Stages of the graphics pipeline

Generations of graphics pipelines

Graphics pipelines constantly evolve. This article describes them as can be found in OpenGL 4.2 and Direct3D 11.

Transformation

This stage consumes data about polygons with vertices, edges and faces that constitute the whole scene. A matrix controls the linear transformations (scaling, rotation, translation, etc.) and viewing transformations (world and view space) that are to be applied on this data.

Per-vertex lighting

Geometry in the complete 3D scene is lit according to the defined locations of light sources, reflectance, and other surface properties. Current hardware implementations of the graphics pipeline compute lighting only at the vertices of the polygons being rendered. The lighting values between vertices are then interpolated during rasterization. Per-fragment (i.e. per-pixel) lighting can be done on modern graphics hardware as a post-rasterization process by means of a shader program.

Viewing transformation or normalizing transformation

Objects are transformed from 3-D world space coordinates into a 3-D coordinate system based on the position and orientation of a virtual camera. This results in the original 3D scene as seen from the camera’s point of view, defined in what is called eye space or camera space.
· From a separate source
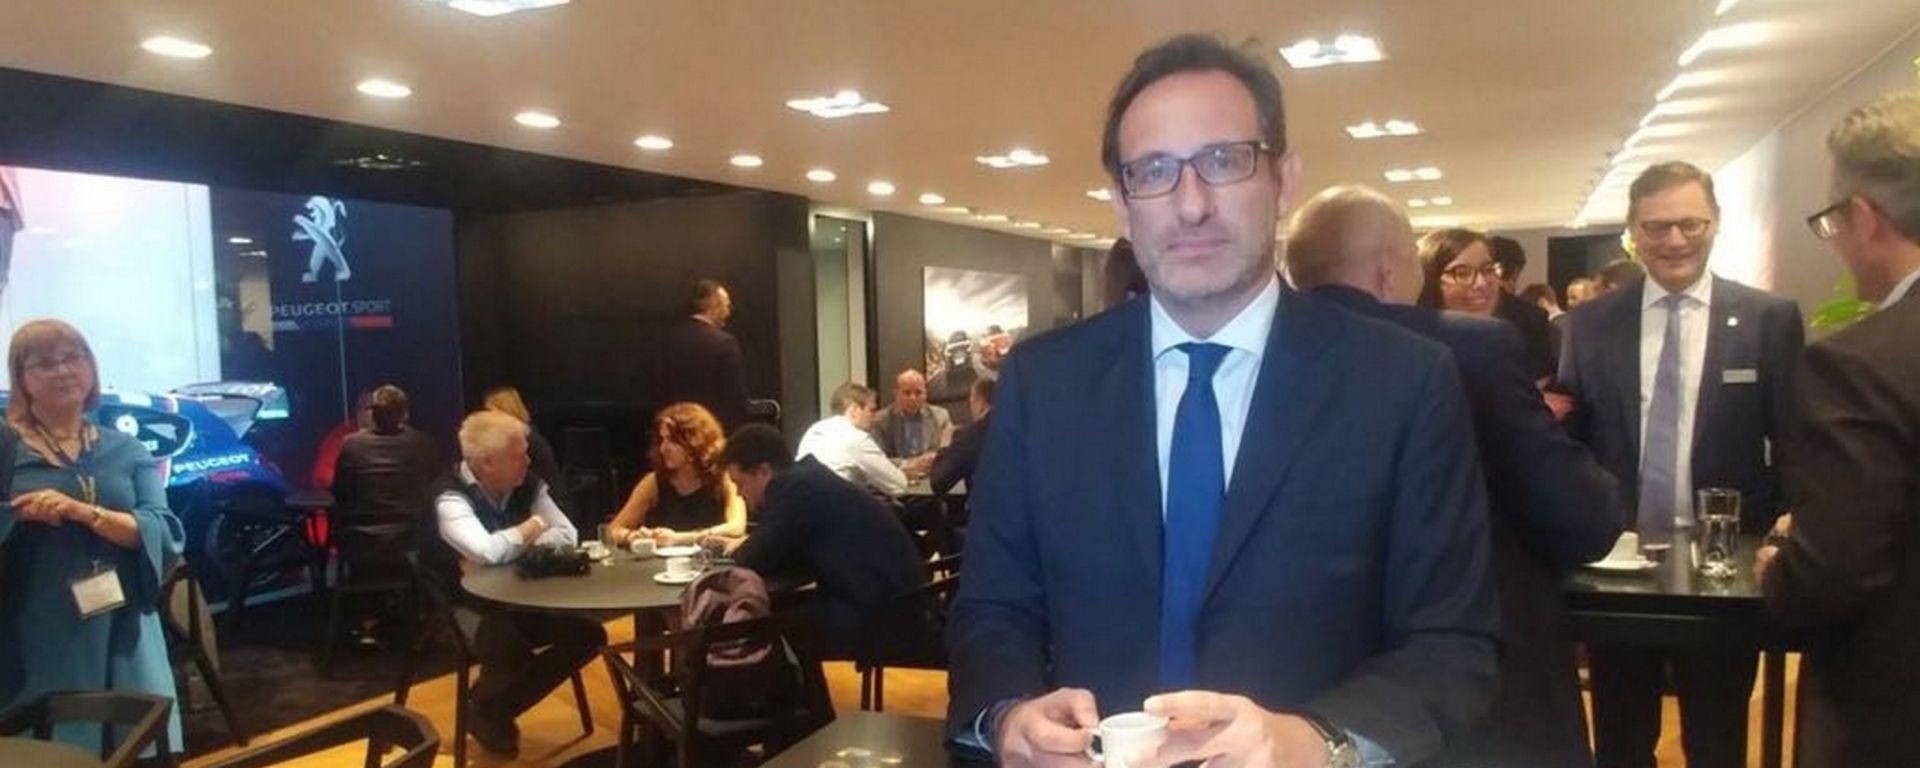 Carlo Leoni, Direttore Comunicazione e Relazioni Esterne Groupe PSA Italia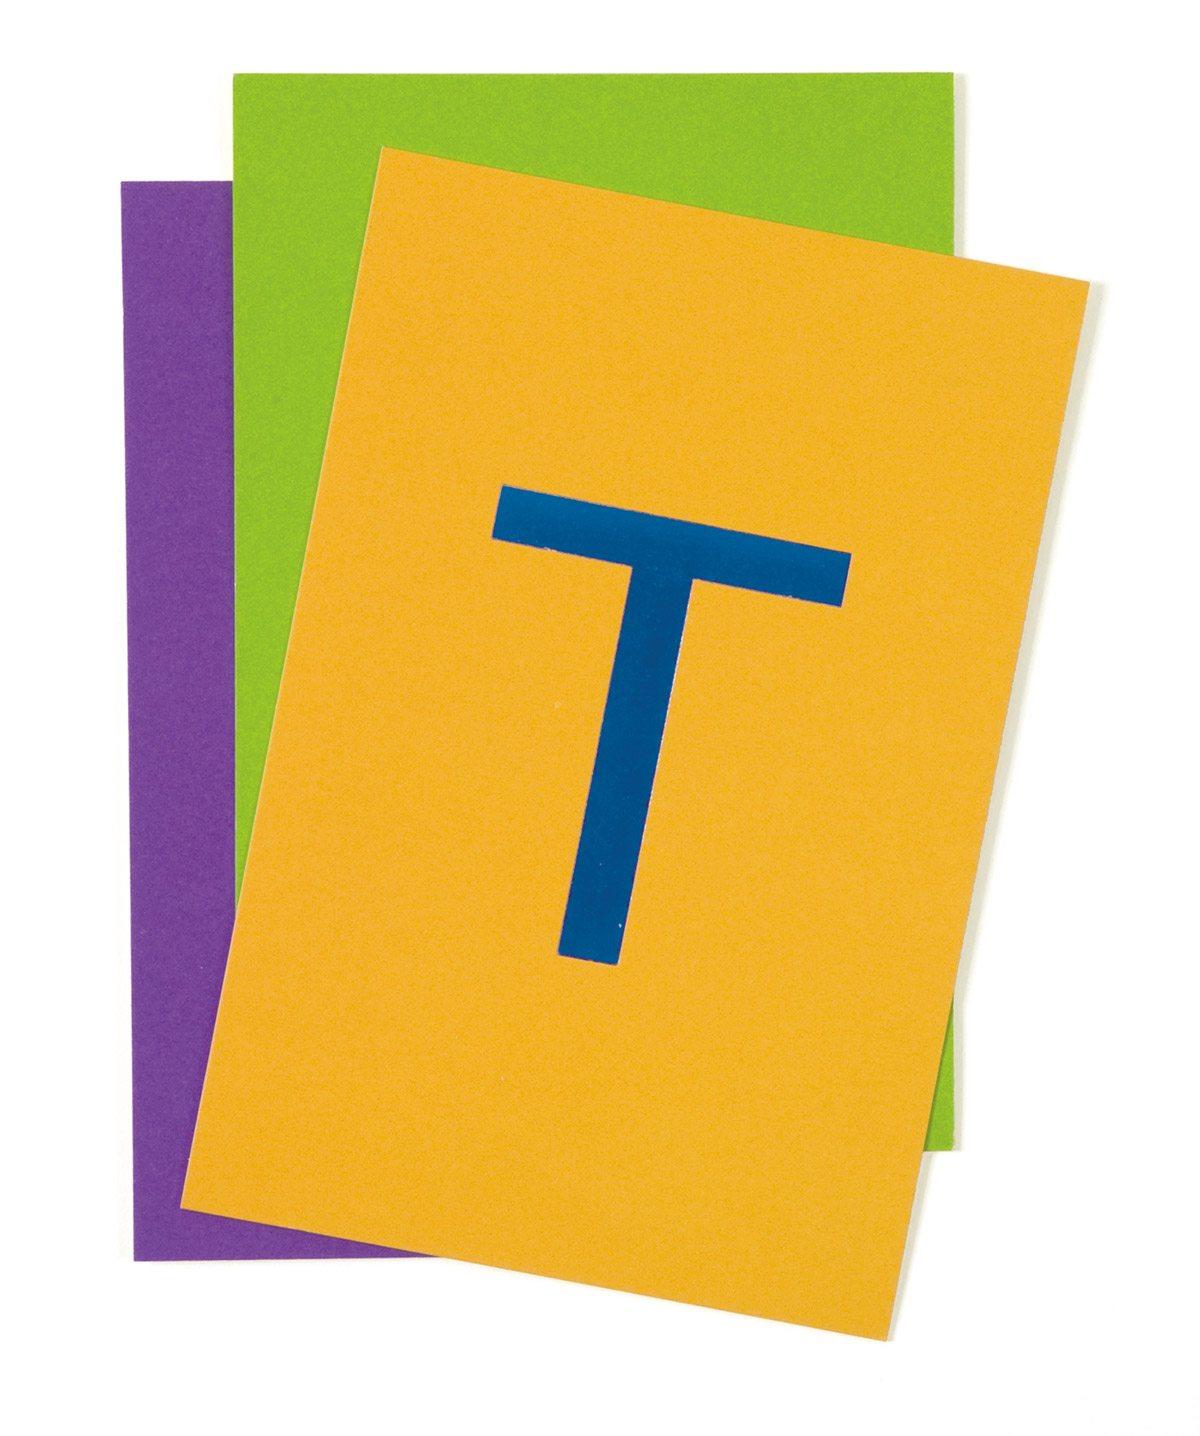 Cartes postales de la Maison étoilés Troisgros, couleurs gourmandes et dorures à chaud, design Ich&Kar

The normalizing transformation is the mathematical inverse of the viewing transformation, and maps from an arbitrary user-specified coordinate system (u, v, w) to a canonical coordinate system (x, y, z).

Primitives generation

After the transformation, new primitives are generated from those primitives that were sent to the beginning of the graphics pipeline.

Projection transformation

In the case of a Perspective projection, objects which are distant from the camera are made smaller (sheared). In an orthographic projection, objects retain their original size regardless of distance from the camera.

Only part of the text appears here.